Stored data:
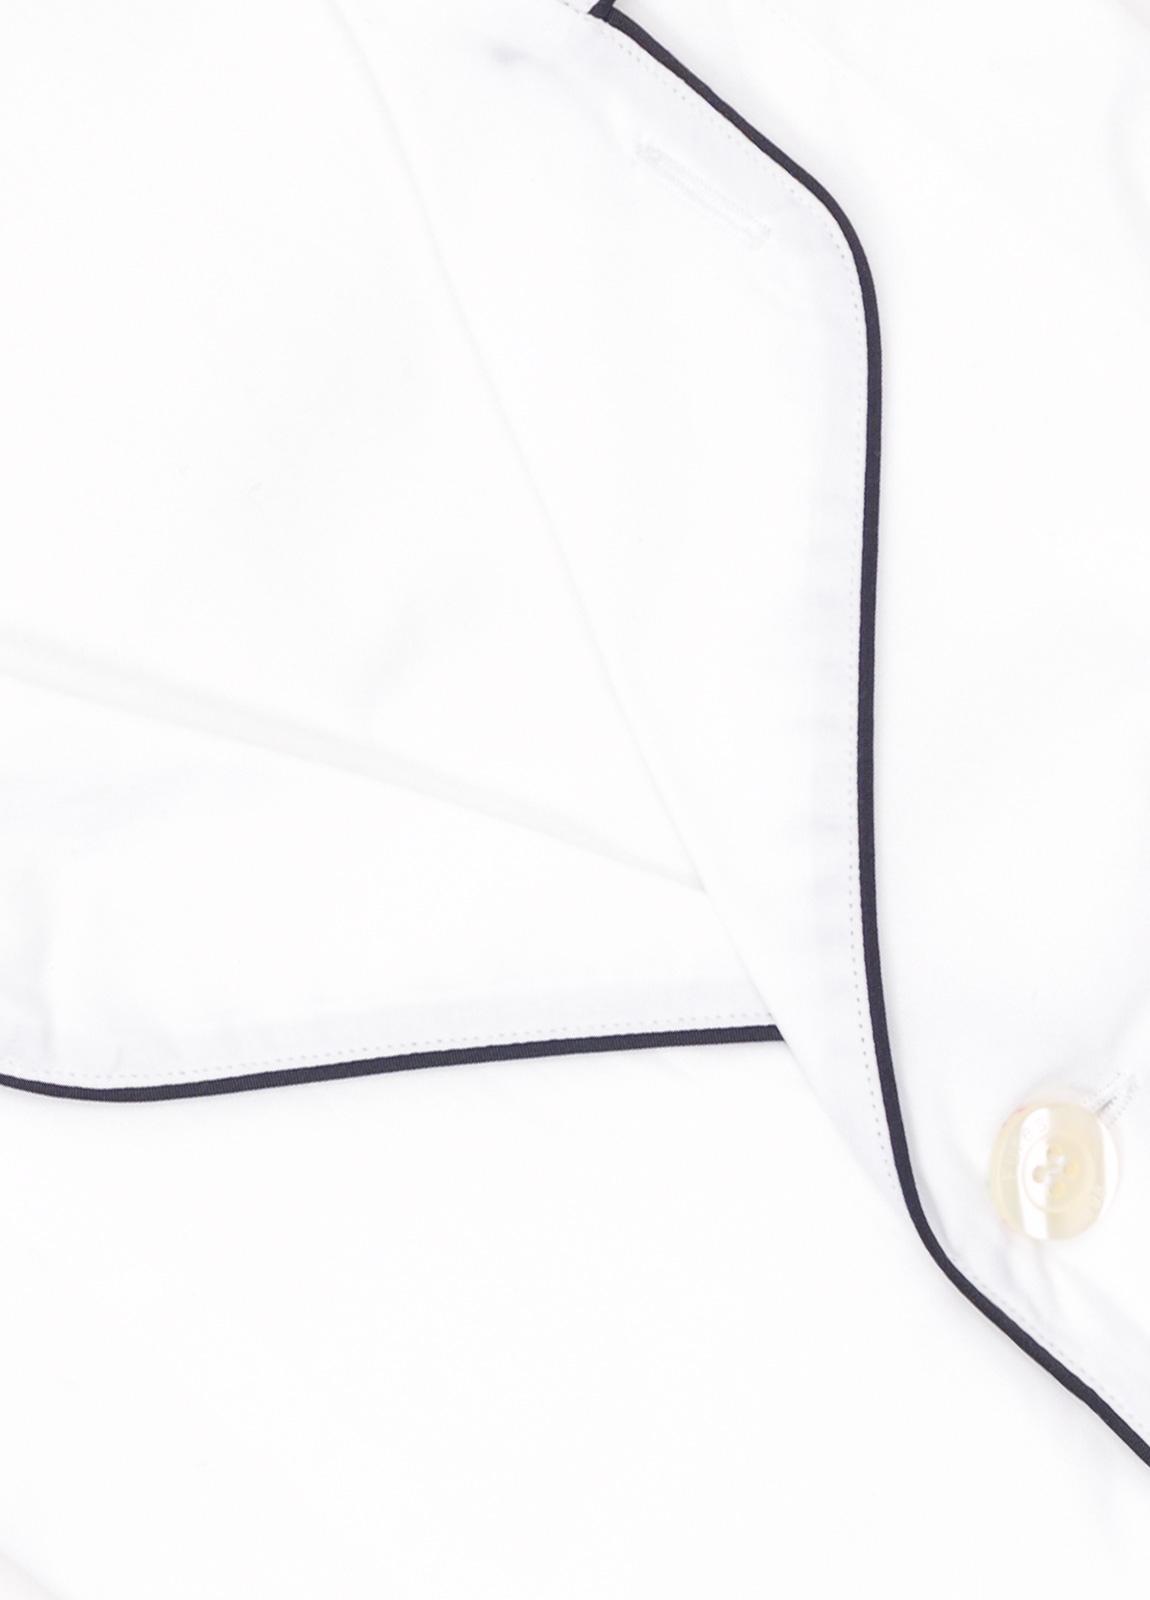 Pijama LARGO dos piezas, pantalón largo con cinta no elástica y funda incluida color blanco con vivos en contraste. 100% Algodón. - Ítem1
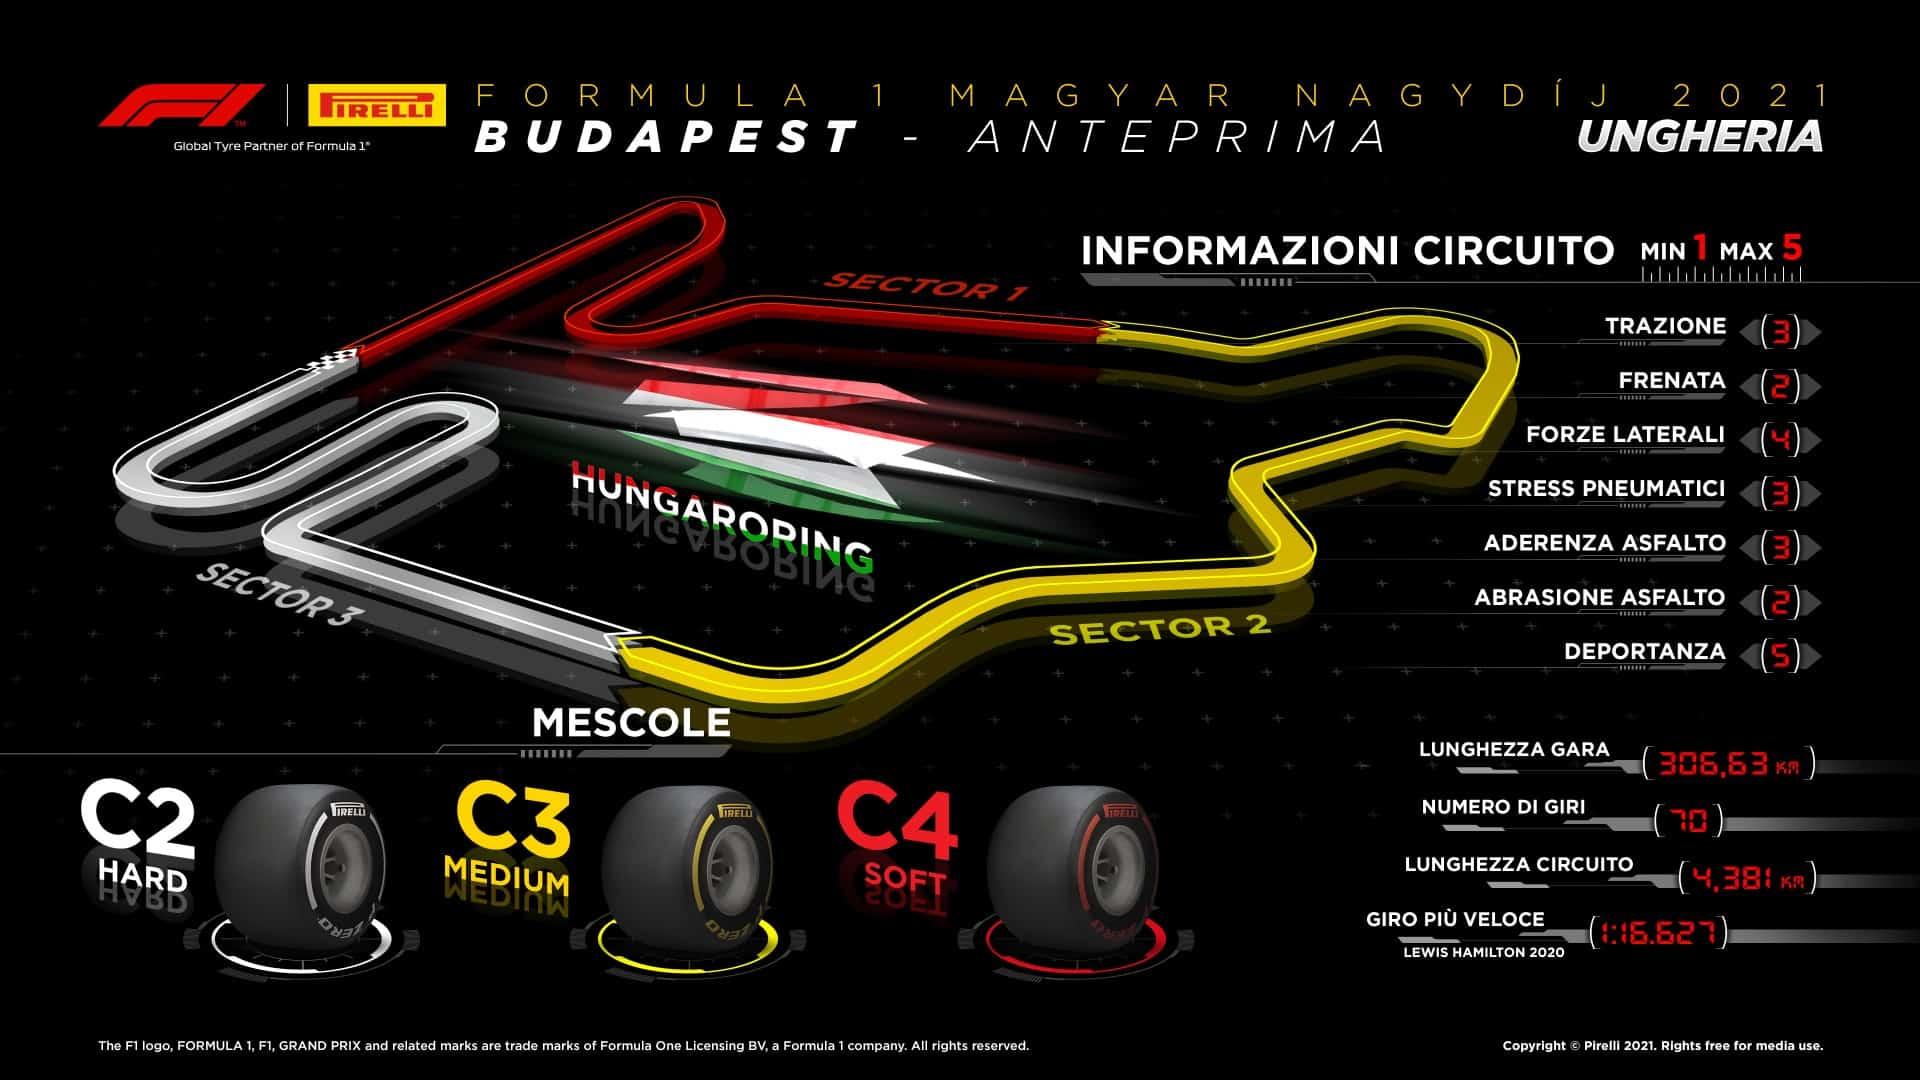 GP di Ungheria 2021
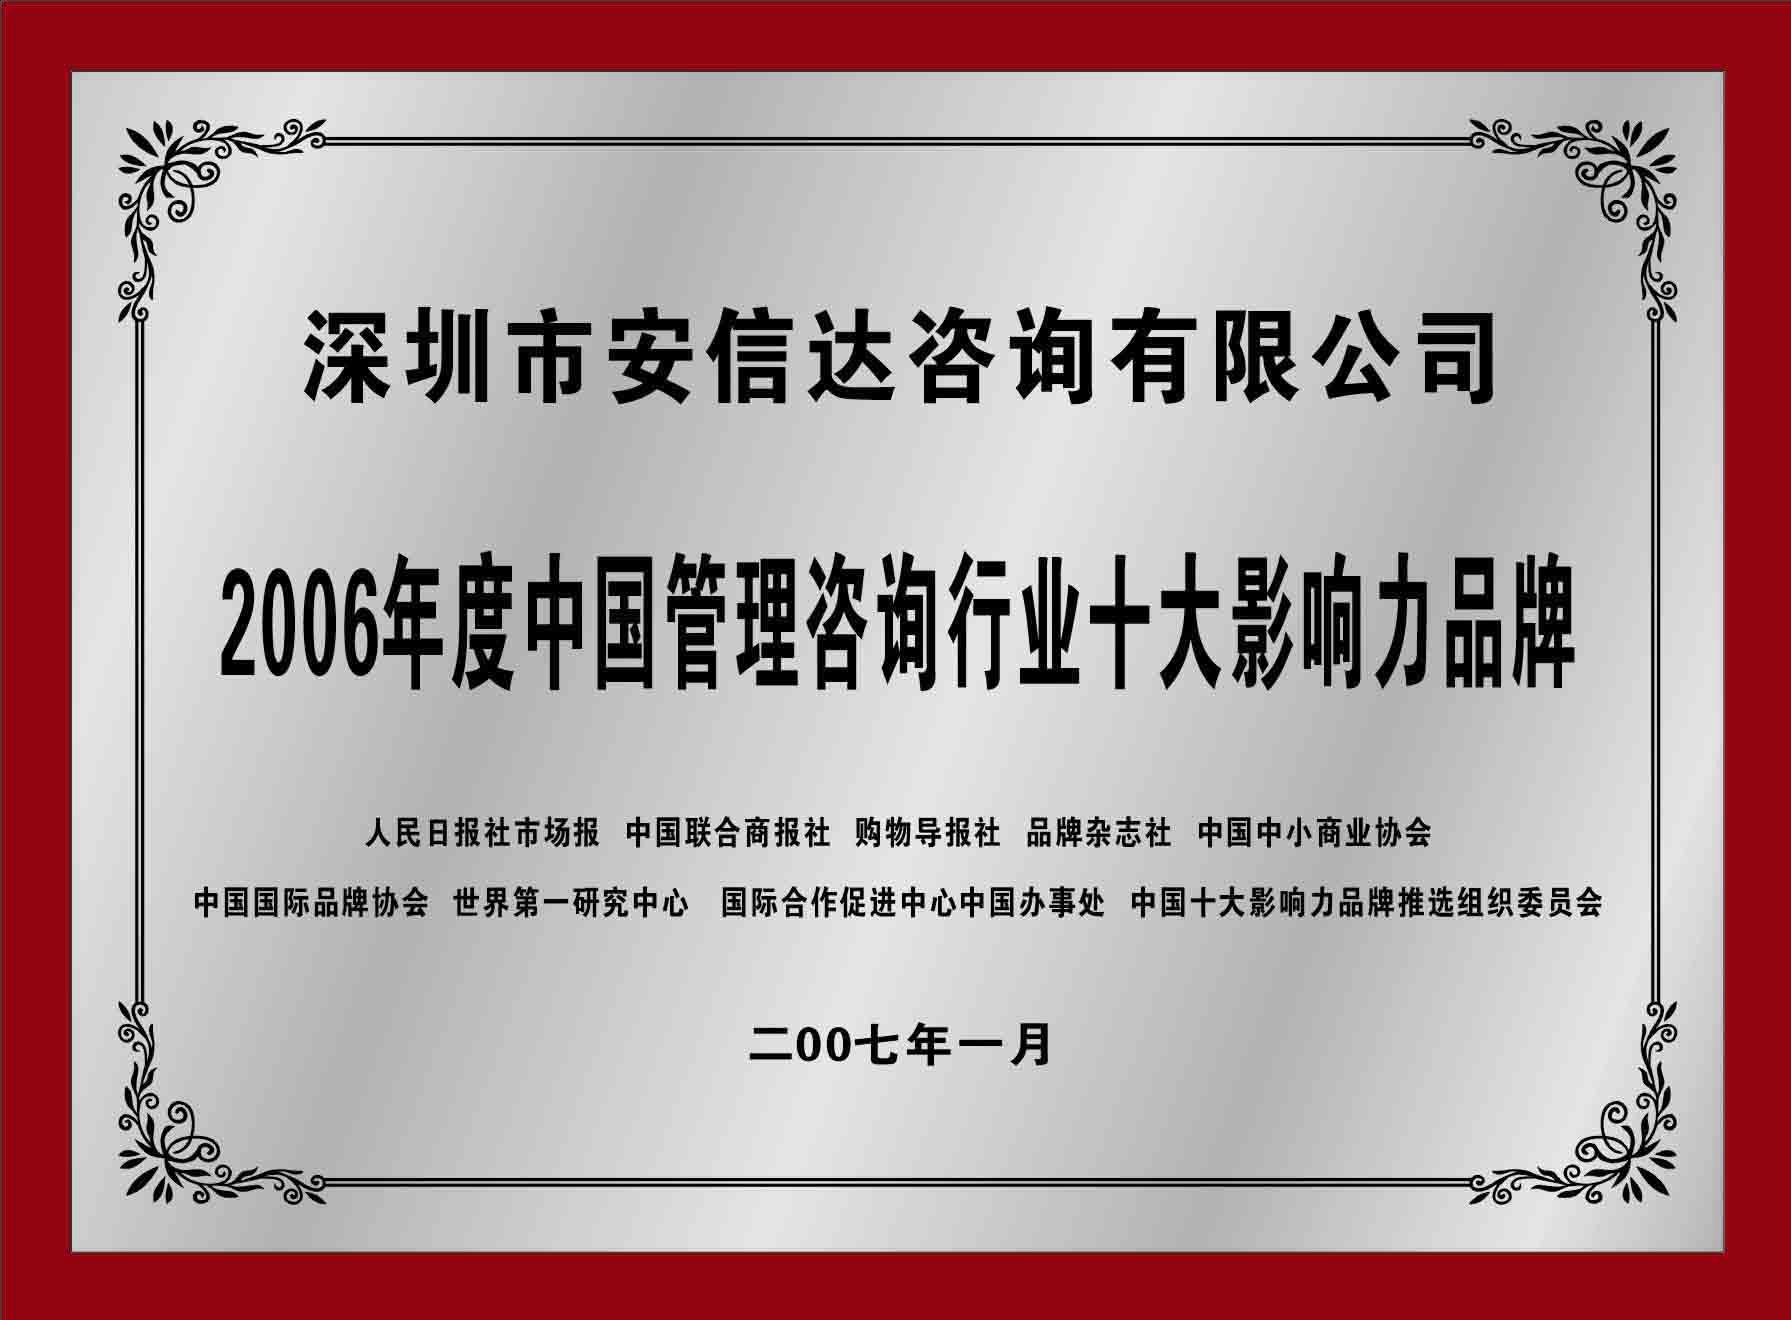 安信达咨询,安信达企业管理咨询机构,深圳安信达咨询
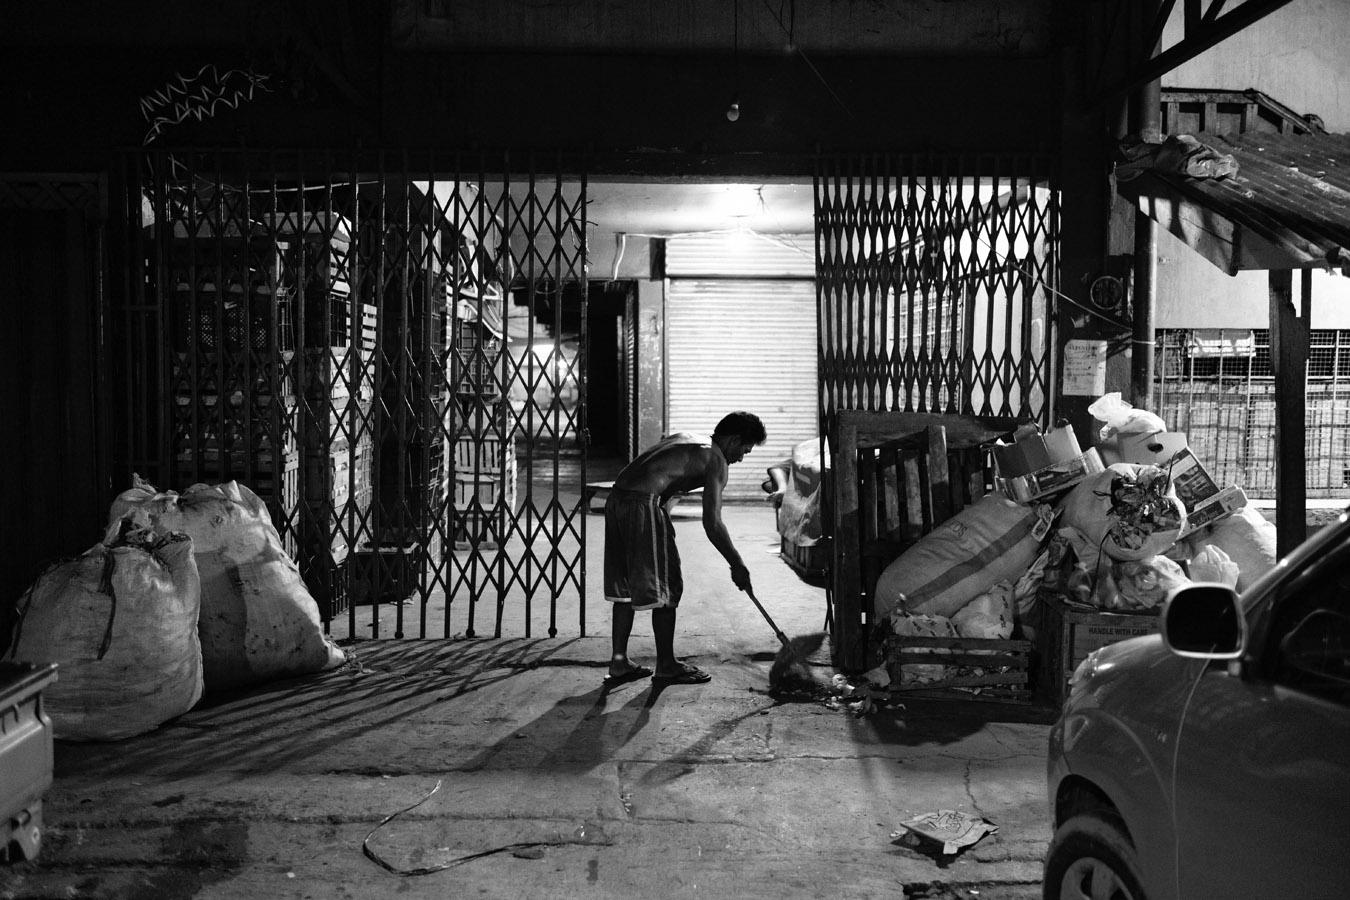 Cebu_by_night_Delettre_Cyril10.jpg
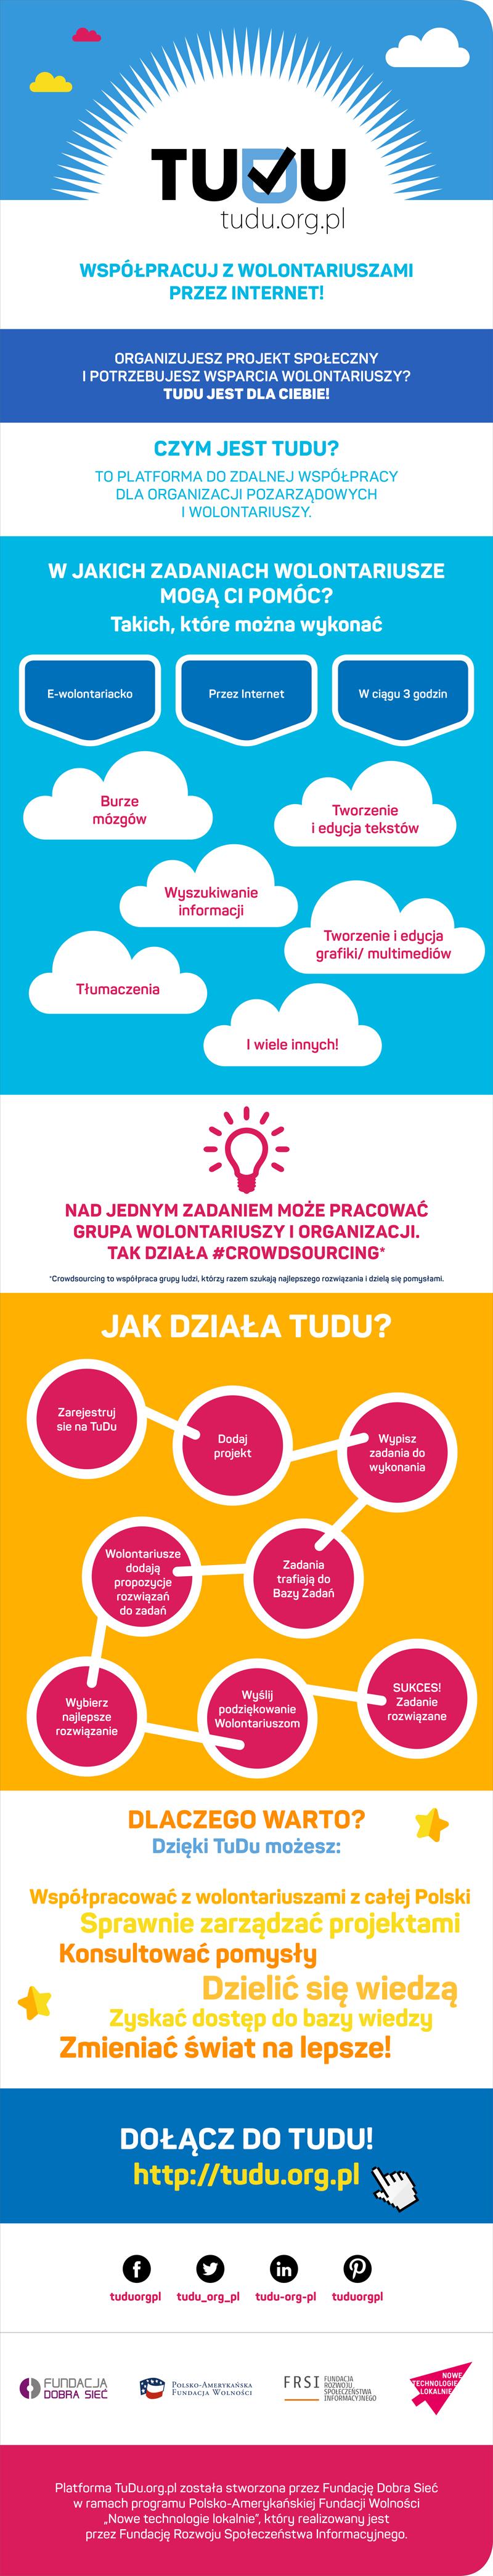 TuDu_infografika_ngo

PROMPT
Reproduce each line of the records exactly, and omit every picture.

RESULT OF THE EXERCISE
 Pijama LARGO dos piezas, pantalón largo con cinta no elástica y funda incluida color blanco con vivos en contraste. 100% Algodón. - Ítem1
 GP di Ungheria 2021
 安信达咨询,安信达企业管理咨询机构,深圳安信达咨询
 Cebu_by_night_Delettre_Cyril10.jpg
 TuDu_infografika_ngo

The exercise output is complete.